# Work to complete:
Your whole reply should be the lines from the one that contains "The #RightsRemovalBill means" through the last line of the listing, copied exactly.

Dataset excerpt Start Marker

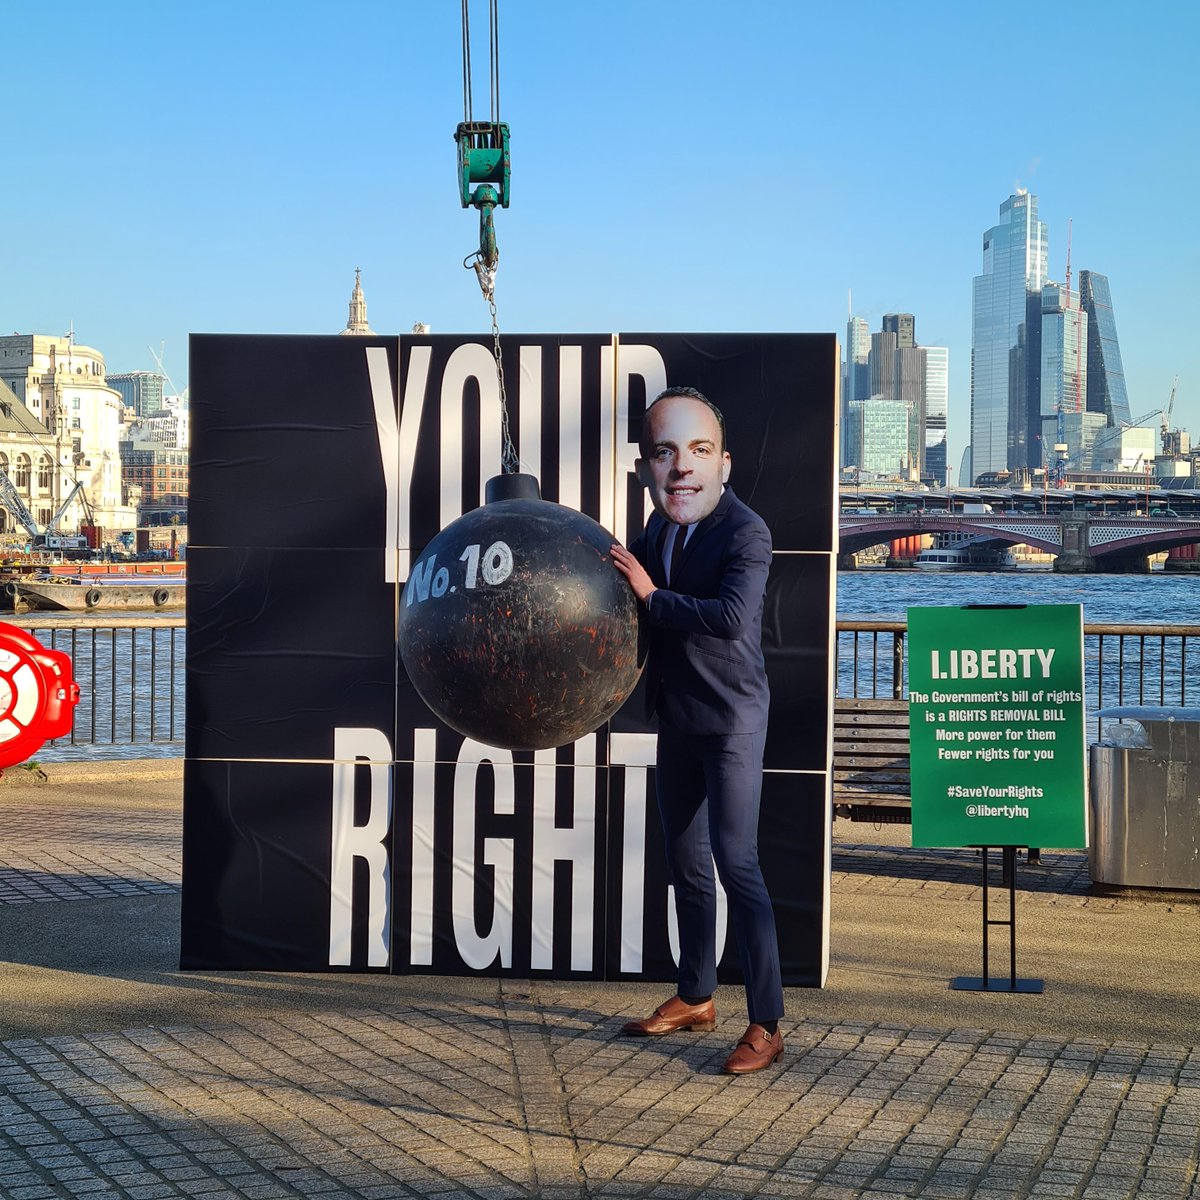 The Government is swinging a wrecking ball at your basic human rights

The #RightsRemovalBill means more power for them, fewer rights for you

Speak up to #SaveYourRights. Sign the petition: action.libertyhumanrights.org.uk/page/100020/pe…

Dataset excerpt End Marker

# Expected output:
The #RightsRemovalBill means more power for them, fewer rights for you

Speak up to #SaveYourRights. Sign the petition: action.libertyhumanrights.org.uk/page/100020/pe…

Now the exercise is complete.